As you may have heard, Proposition 8 rewrote the California state constitution to keep one segment of the population from getting married.

Since then an odd-couple team of lawyers, Ted Olson (conservative) and David Boies (liberal), have teamed up to fight Prop 8. And then, one hopes, crime.

(While both lawyers deserve praise for taking on Prop 8, Olson gets special props from me for, in this era of Republican purges and purity tests, quietly proving that being a conservative doesn’t mean you have to be a raving bigoted loonsphincter. God, what a depressingly low bar.)

Rachel reported that the judge — a Republican appointee — had ruled that the trial could be recorded and broadcast on YouTube, but the defenders of Prop 8 filed an emergency appeal. The anti-gay marriage folks stopped the broadcast because they don’t want to be seen as hideous bigots.

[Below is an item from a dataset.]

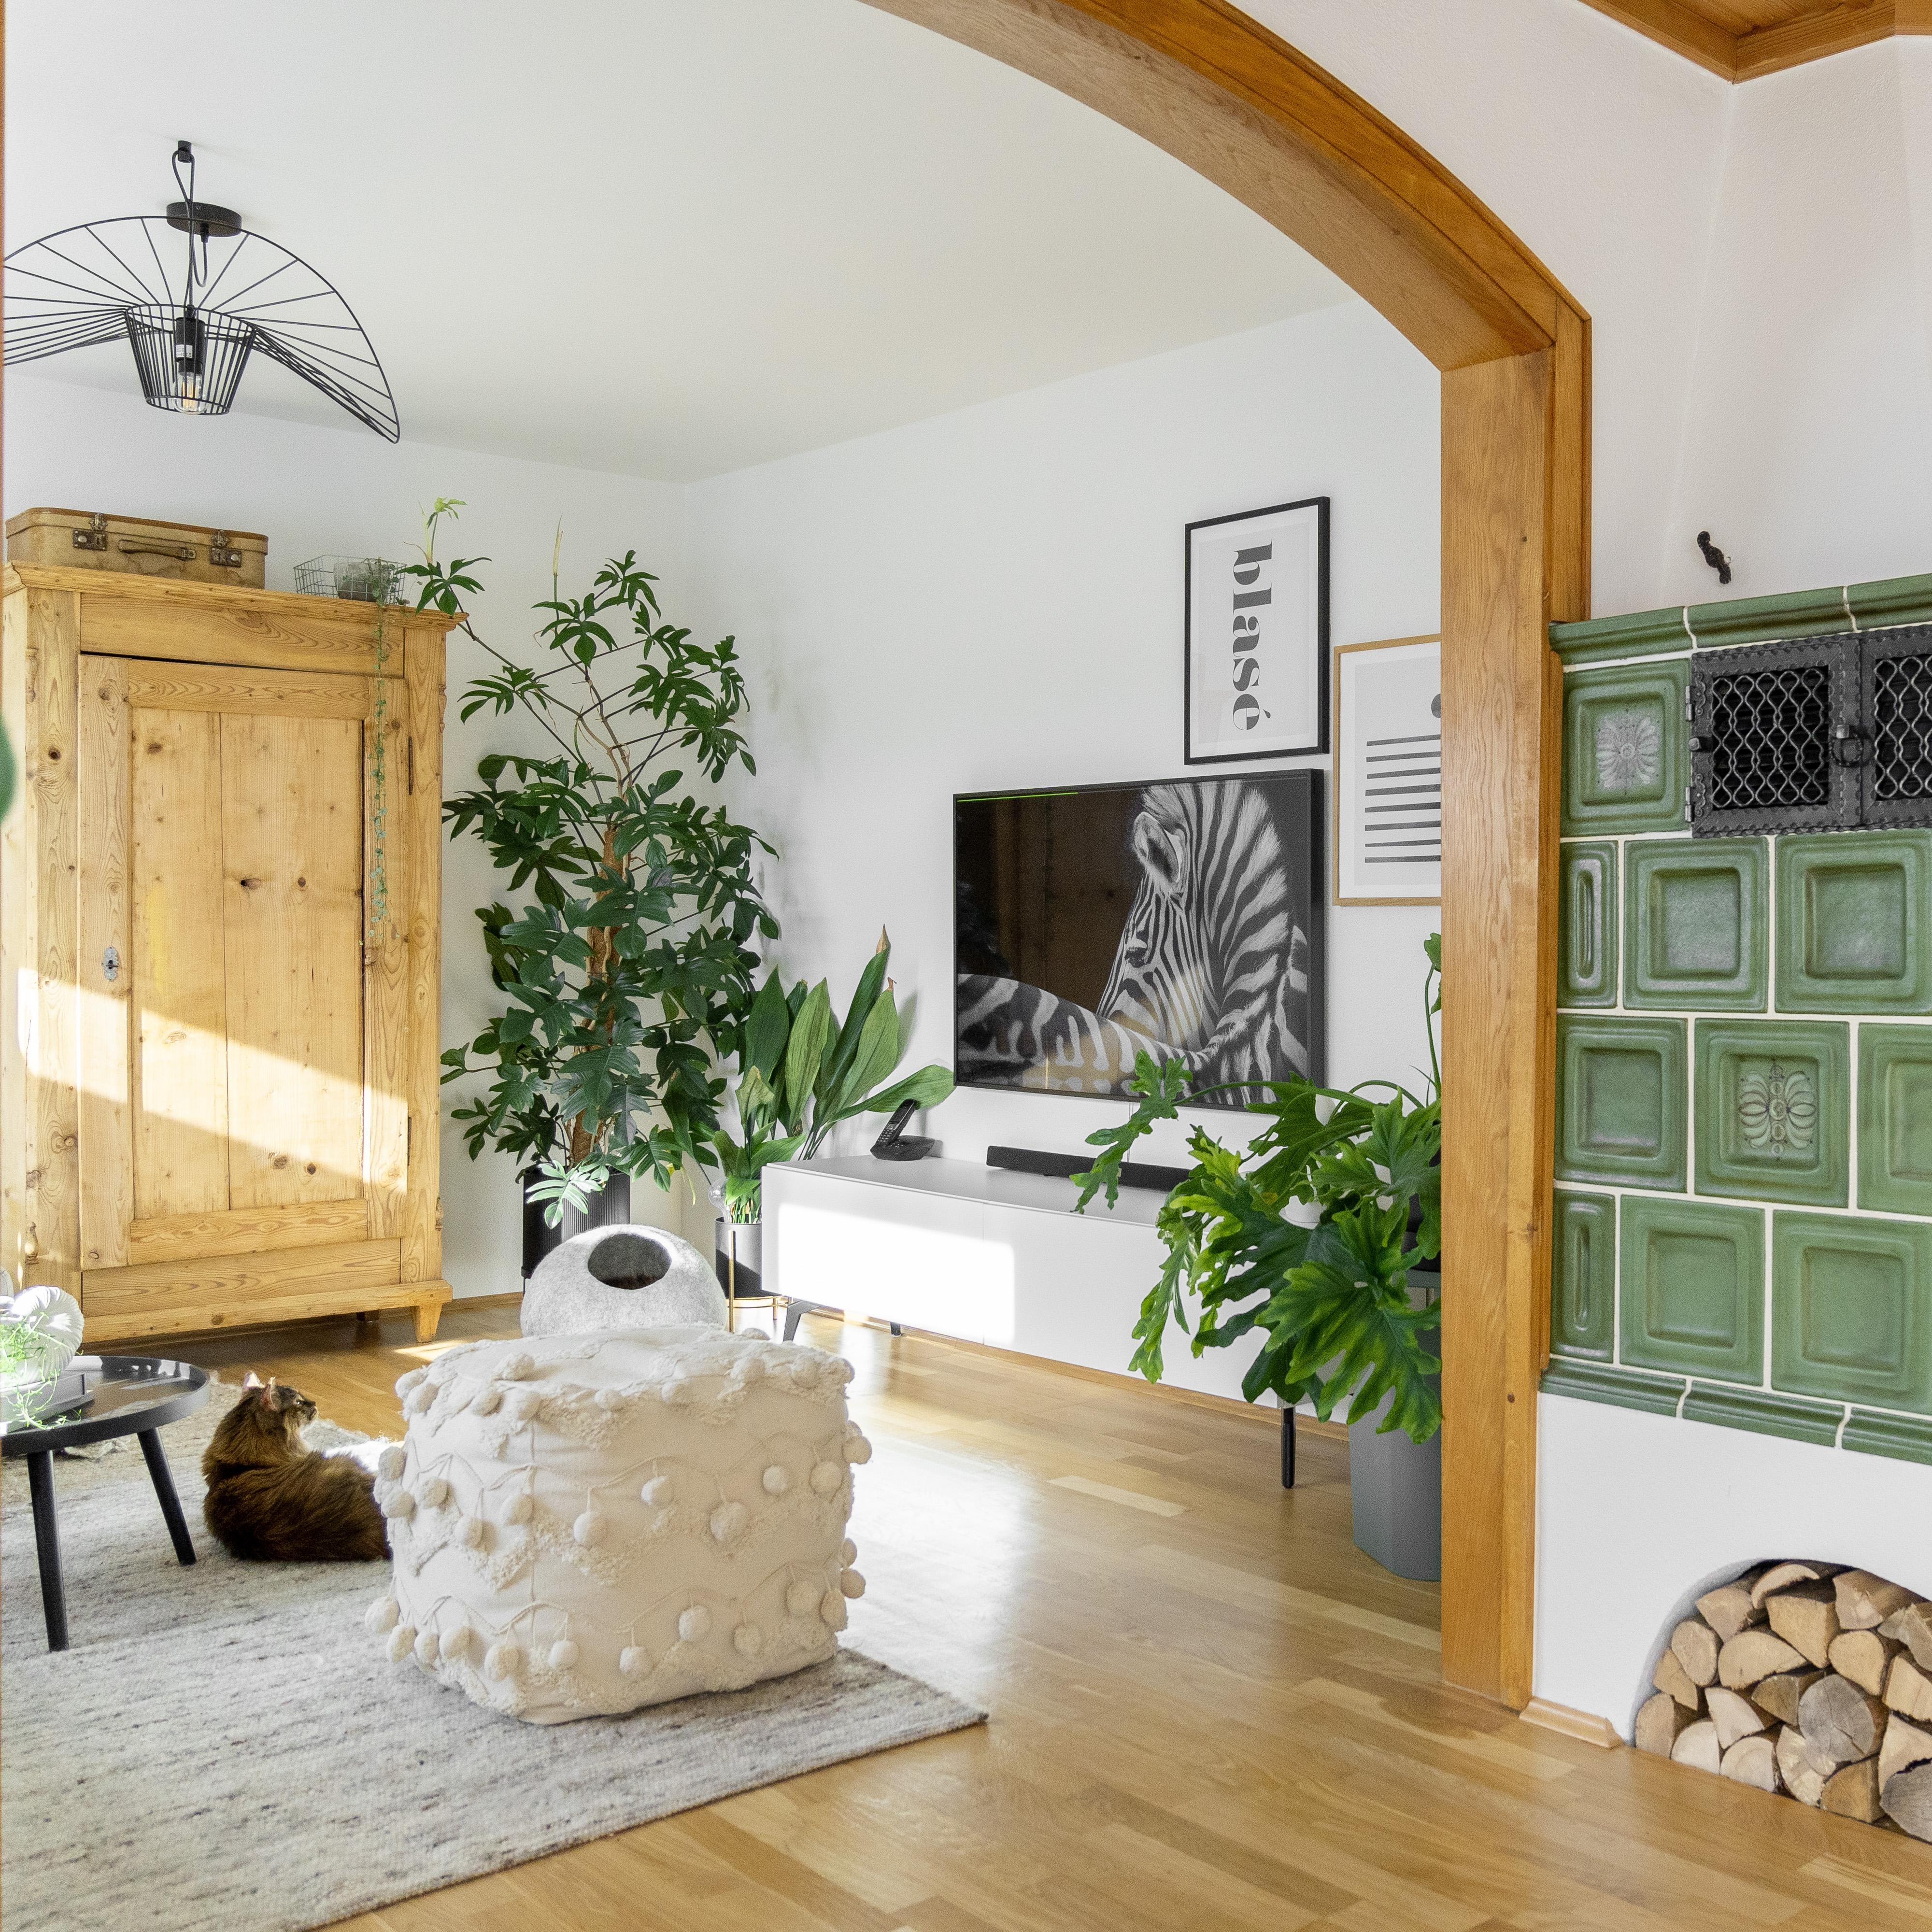 #kachelofen#wohnen #wohnzimmer #livingroom#scandi#hygge #gemütlich#renovieren#dekorieren #cozy#solebich#altbau #haus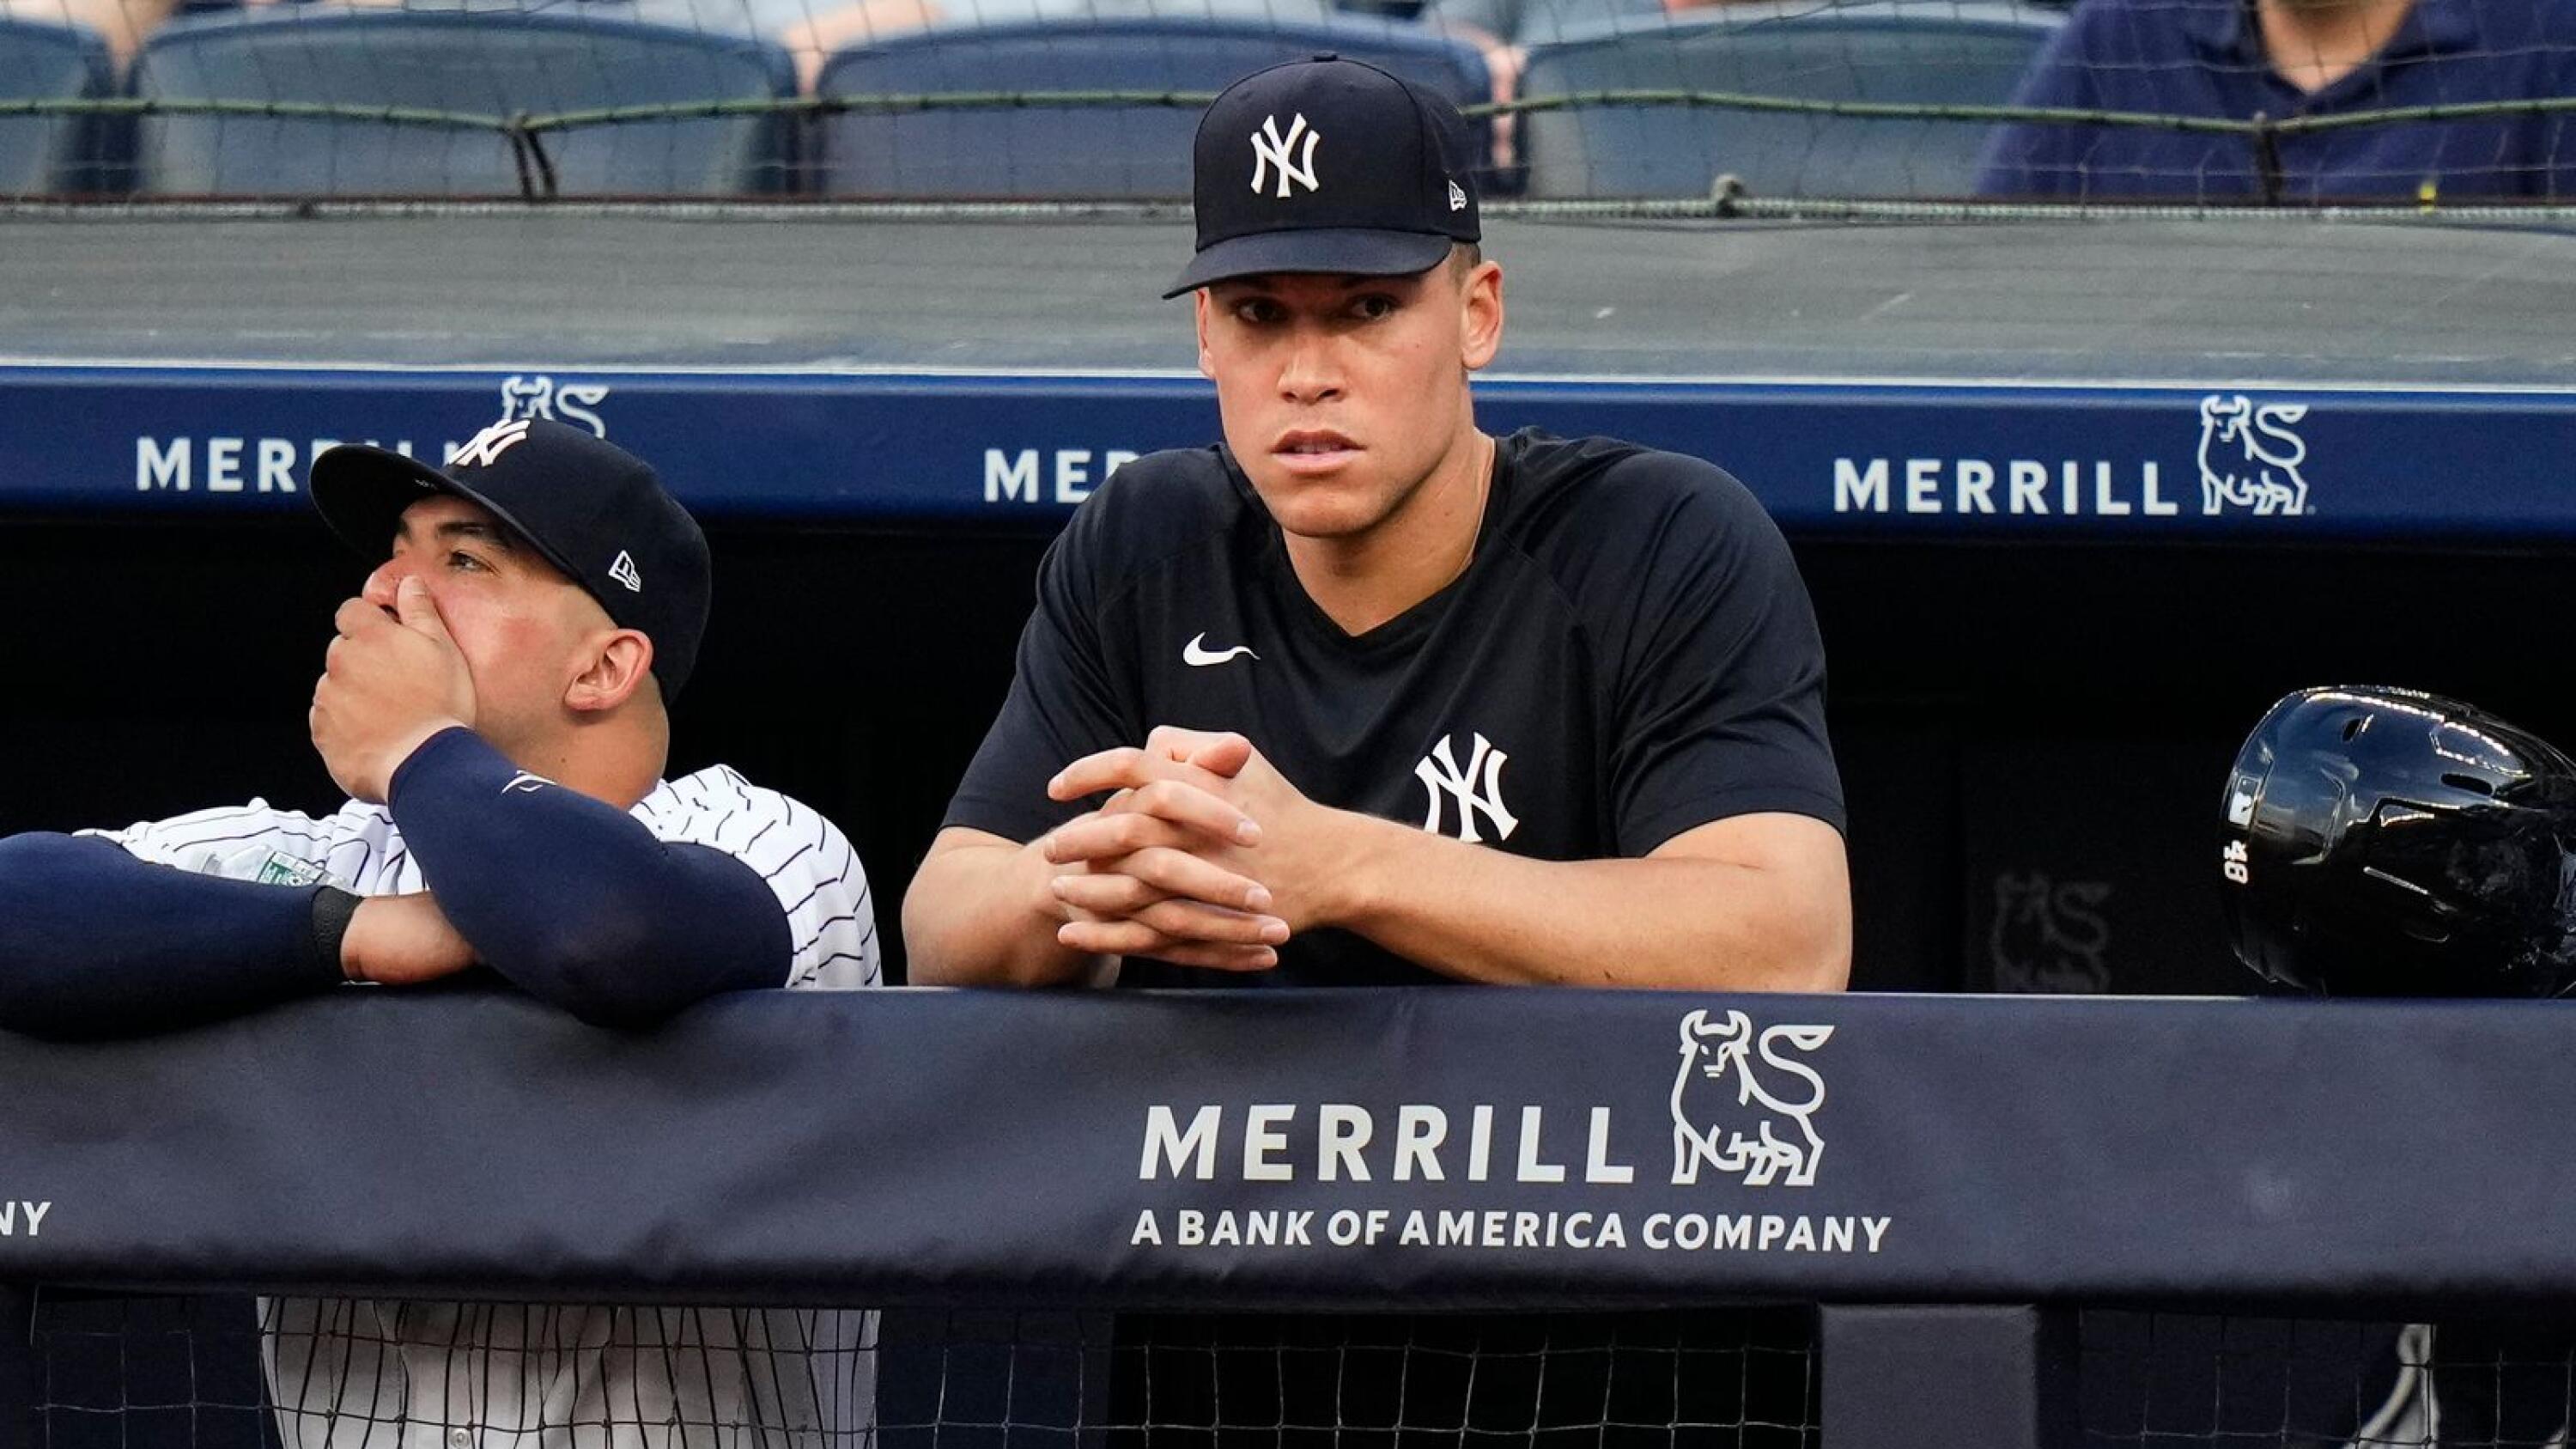 Yankees slugger Aaron Judge says focus is on winning

I wonder if they took down their mirrors too.

Rachel also filled us in on the latest dirt on the Li’lest Fox News contributor. According to the sleazebag political gossip book Game Change, Sarah Palin wasn’t clear on the whole North Korea/South Korea thing when she first joined the McCain campaign.

I’m sure Palin eventually got it straight. Though that may explain why she advocated sanctioning the “brutal Communist regime” of North Dakota.

Chapman’s Friend

Rachel glowed with wonky joy as she announced that the Nixon library has released 280,000 pages of new documents.

Most people think of Richard Nixon as creepy, paranoid, and ruthless, but these new documents show… Um… Well, maybe more of a gradual swing into paranoia and creepitude than you thought.

Rachel welcomed former Nixon legal counsel John Dean to talk about “Chapman’s friend,” the code name for undercover fake reporters that Nixon used to track his political opponents, scoop up gossip, and ask awkward questions.

Essentially it was a reverse Jeff Gannon maneuver, but with less hooking.

Which, in a strange way, is a relief. I’ve always been annoyed that Karl Rove got away with being mean and underhanded. It’s easier now that I know he wasn’t original.